一枚燃燒太陽形狀的金色徽章正被他下意識握在手中。
「太陽?」
夏爾對此茫然無措。
當時在那處石室當中,他正端詳一幅看起來沒什麼特殊的壁畫,然後就感覺額頭突然一痛,隨即壁畫就倏然發生了變化。
裏面鑽出來一樣東西!
可沒記錯的話,他最後看到的是無數金邊卡牌紛飛撲面而來,而不是手中這什麼烈陽之眼徽章。
這枚徽章他之前是有接觸過的,只是當時他拿起來時,這東西可是沒有任何反應,怎麼眼下倒是被成功喚醒了?
而且它是怎麼跑到自己手上的?
這個問題沒什麼線索,特別是察覺到自己身體正不斷被一股熾熱力量改變後,他更是頗覺莫名其妙。
直到改造結束,手中徽章化作光芒消散一空,夏爾仍舊百思不得其解。
「你很疑惑?」
身前有一道溫潤聲音傳來,他抬頭看去,女主教的身影隨之映入眼帘。
剛剛這位都林總主教似乎在朝自己行禮,態度看起來很恭敬,然而現在放眼看去,她已經恢復了最初那種端莊和藹。
可能之前在緬懷那位曾經的神祇?
「我是……神?」夏爾遲疑地問。
他是有所疑惑,但並不是這個。
他清楚自己不是所謂的太陽神,真實之眼的提示也只是繼承而非覺醒什麼的。但夏爾覺得,眼下他的表現才是正常的。
知道自己到底經歷了什麼才不正常。
看着一臉「困惑」的夏爾,女主教抿嘴一笑,
「你只是我主麾下的一位普通信徒。」
「那……」
見他滿臉疑惑,女主教坦然回答道:「你不是神,但你是神之子。諸神之子。」
「諸神之子?」夏爾這次是真疑惑了。他還是頭一次聽到這個詞。
「在我主光輝灑遍大地之前,世界被一群古老的神祇所統治。」
女主教輕聲道:「多次劫難後,遠古諸神已經隕落,但祂們留在這個世界上的痕跡卻不會消亡,某種意義上,祂們是永生不死的存在。」
「痕跡?」
「是的,痕跡。」女主教答道:「世界上只要還有人念起古神之名,他們的某種力量就永遠也不會消亡。」
「這力量看不見,摸不到,但偶爾會與人類尚未誕生的嬰兒靈性相融合,這種嬰兒,我們稱之為諸神之子。

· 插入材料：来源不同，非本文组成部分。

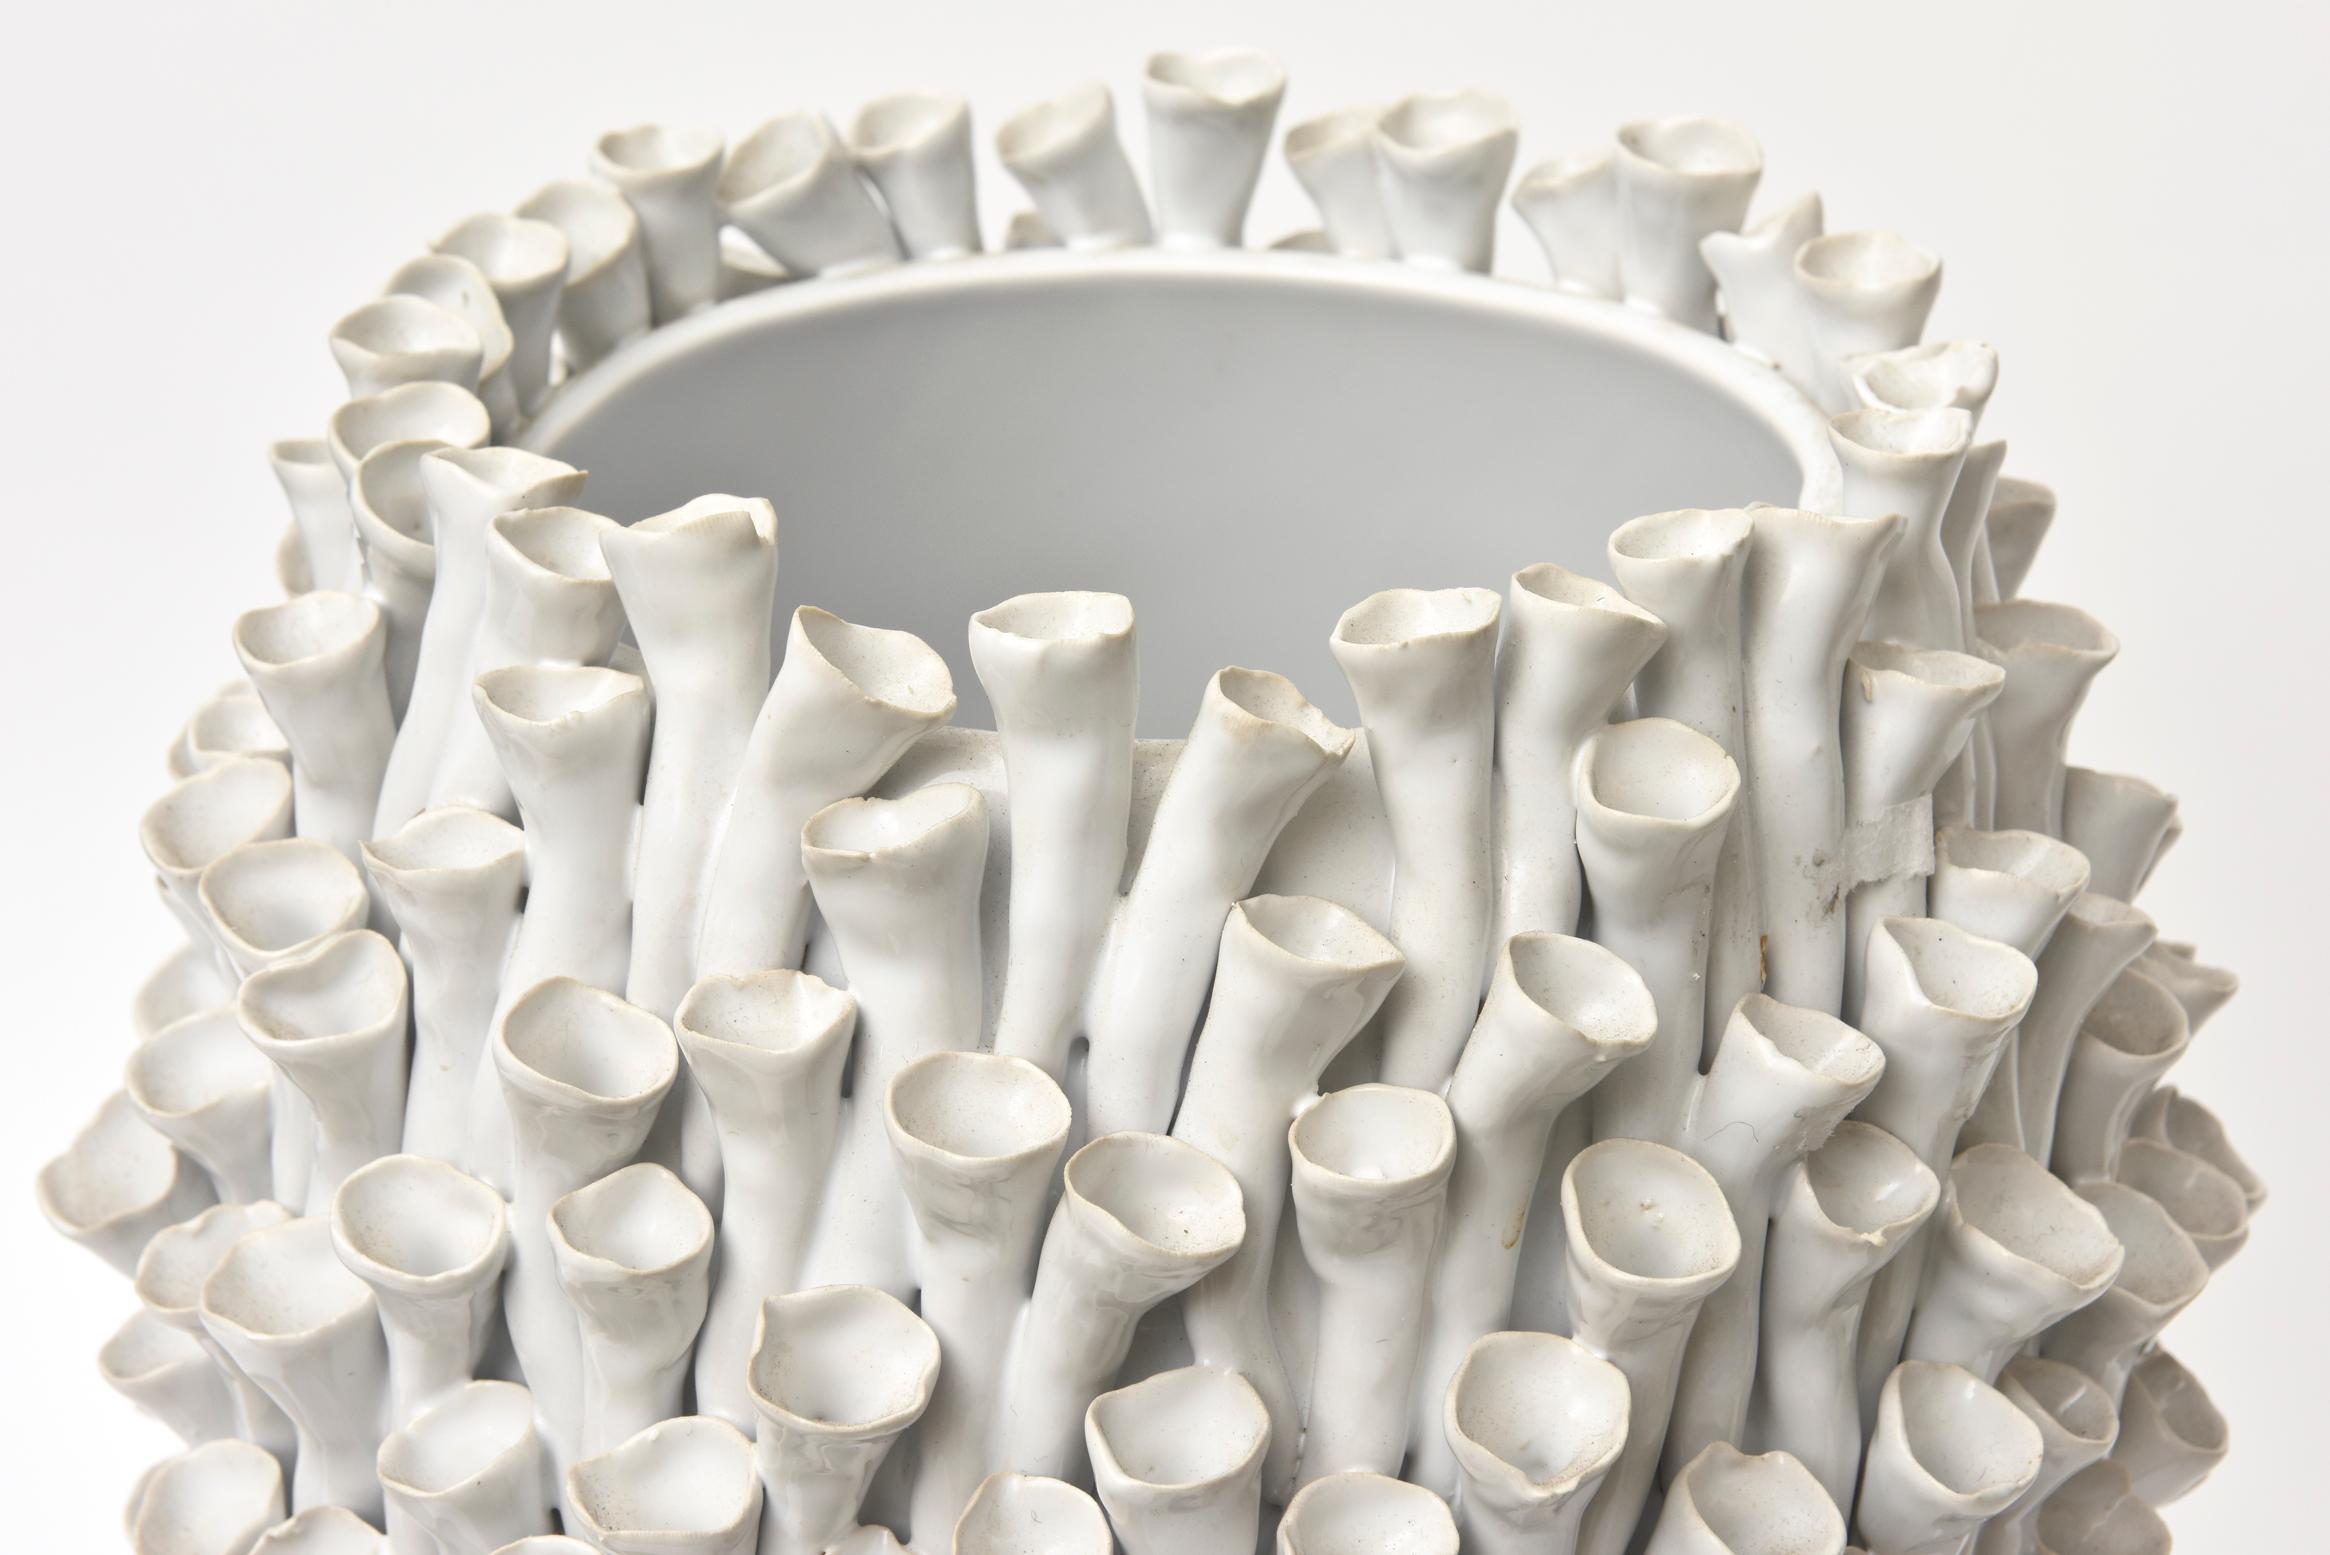 Unknown Organic Modern Sculptural White Ceramic Sculpture/ Vase/ Vessel

」
「他們天生具有某些特殊之處,但如果沒人發現,直到老死也不會有什麼大作為,」說着,女主教朝夏爾露出一絲微笑。「而有的則很幸運。比如你。」
夏爾「似懂非懂」的點了點頭。
女主教則輕輕撫摸他的面頰,柔聲道:「努力吧,孩子,只要你誠信侍奉,我主終將賦予你本該有的力量,那些被世界所遺忘的力量。」
「最後我會……變成神嗎?」夏爾遲疑地問。
這話在眼前這位紅衣主教面前似乎有所逾越,不過夏爾覺得對方既然能坦誠的說這麼多,那估計不會在乎這點小事——荊棘之主看樣子也並不忌諱唯一真神之類的稱呼,不然眼下這位也不會神啊神啊的說這些了。

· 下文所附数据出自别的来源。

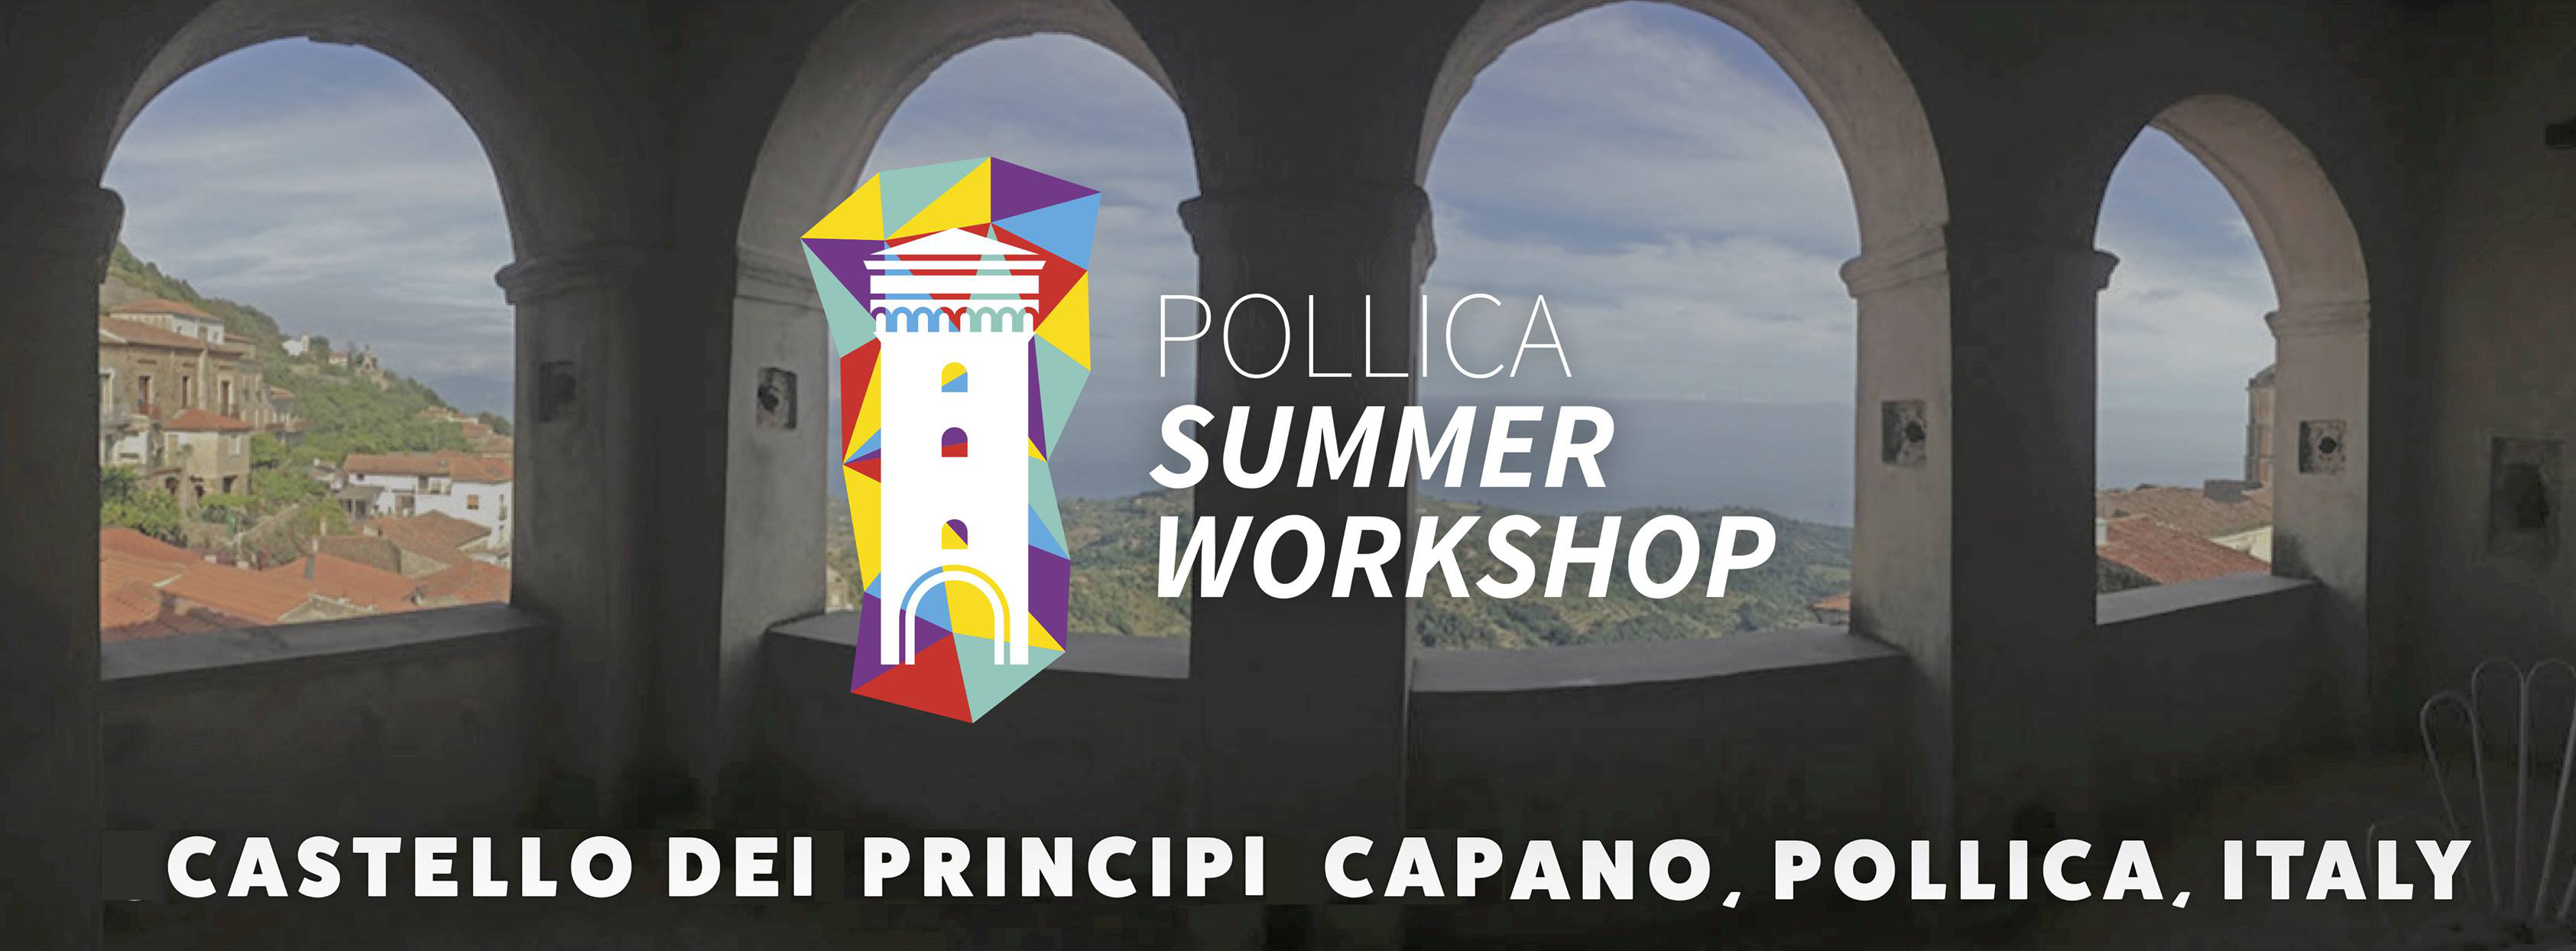 Pollica Summer Workshop

果不其然,對方並未生氣,反而莞爾一笑:「真正的諸神已經消失了無數世紀,眼下你擁有的,不過是祂們曾經的一縷烙印罷了,在我主的幫助下,被激活,被賦予相應力量的烙印。」
「你可以把它當做一份主給予你的饋贈,或者一份特殊的血脈或傳承,它會逐步改造你的生命,它會比很多傳承更有潛力。但我只能說,所謂諸神早已消亡在了歷史長河當中,包括祂們曾經所擁有的強大力量,現在你能獲得的,只有那麼一點特殊遺產,這些會讓你的能力比較特殊。」
「但也只限於此?」
「沒錯。」女主教點頭,想了想,道:「高山國的遠洋行省有位繼承自廚藝之神的教友,聽起來很厲害?但那位教友只會廚藝,一點戰鬥能力都沒有。還有那位傳說中打鬥無敵的決鬥之神繼承者,他與人交手,同等層次無人能敵,但如果被一群同層次人圍攻,那麼只有灰溜溜逃走的份。」
聽着這些,夏爾隱隱明白到底是怎麼一回事了。
不過銀槍蠟杆頭罷了,眼下這些所謂的諸神之子只有面子而沒有里子,基本是一些樣子貨,或者只保留了最主要的特徵,其餘的基本沒有。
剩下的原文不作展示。